Given, $X$, $Y$, $Z$ are three Rayleigh distributed independent random variables. I need to calculate the product CDF of the variables, i.e. $F_\lambda(x)=\text{?}$ where, $\lambda = XYZ$.
I am trying to solve the problem as follows.
\begin{align} F_\lambda(p) & = \Pr(\lambda < p) \\[8pt] & = \Pr(XYZ < p) \\[8pt] & = \Pr(X < \frac{p}{YZ}) \\[8pt] & = 1 - \int_0^\infty \int_0^\infty e^{-p/(YZ\delta_1)} \frac 1 {\delta_1} f_{1/Y}(a) f_{1/Z}(b) \, da\,db \end{align}
I didn't go further as I think the way I am solving might not be correct.

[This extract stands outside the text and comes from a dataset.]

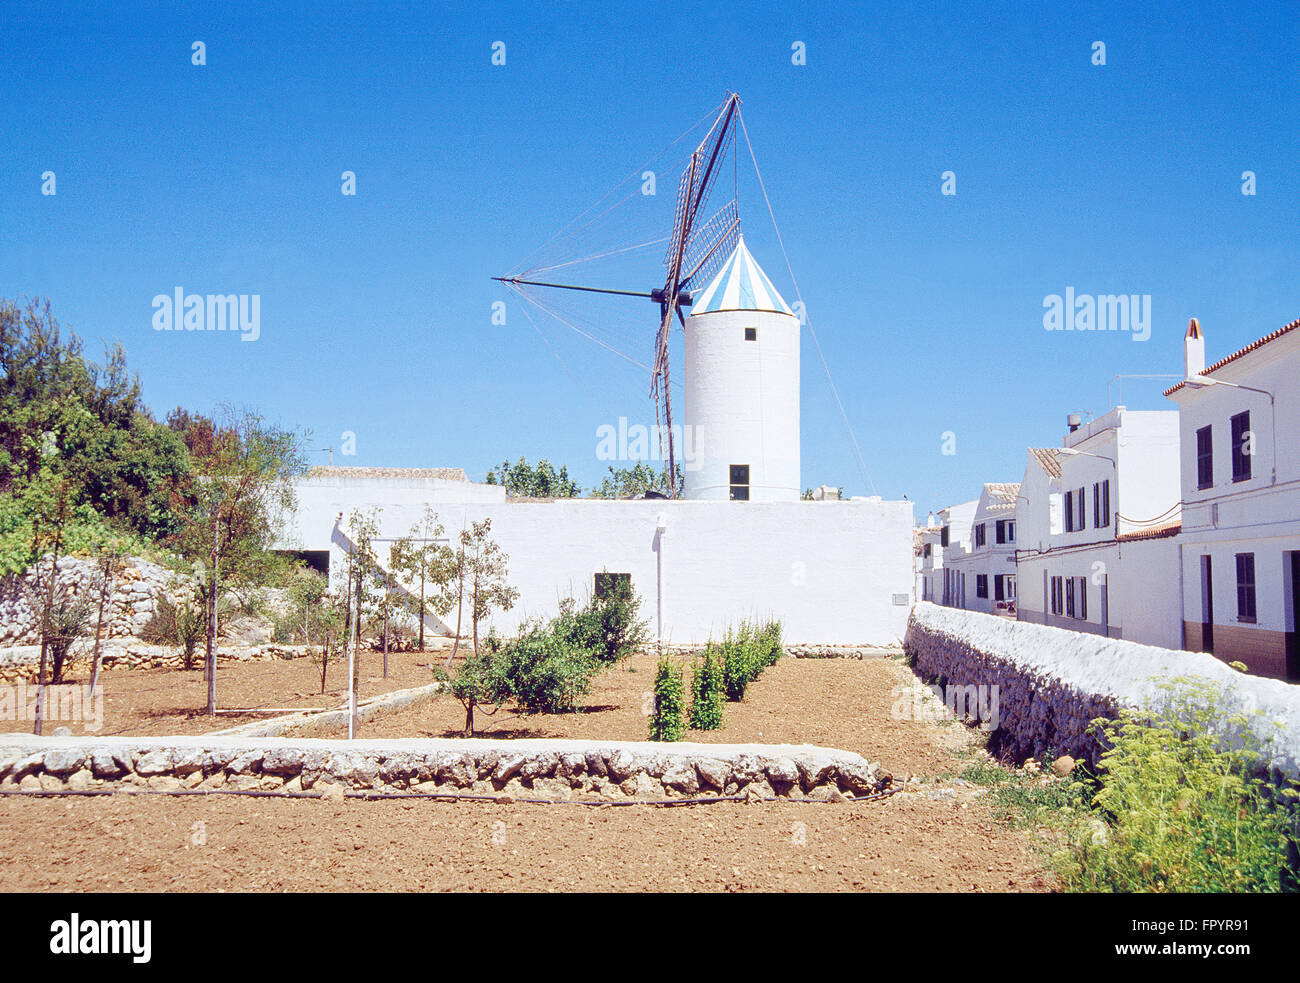 Gärtnerei und Windmühle. Ethnologisches Museum, Sant Lluis, Menorca Insel, Balearen, Spanien. Stockfoto

Could you please help? Thank you.
I believe the density function for $U=XYZ$ can be expressed as $$f_U(u)=\int_0^\infty\int_0^\infty f_X(\frac{u}{yz})\frac{f_Y(y)}{y} \frac{f_Z(z)}{z} dy dz$$ in terms of the density functions for $X,Y,Z$.
While cdf $F_U(u)=\int_0^\infty\int_0^\infty F_X(\frac{u}{yz}) f_Y(y) f_Z(z) dy dz$.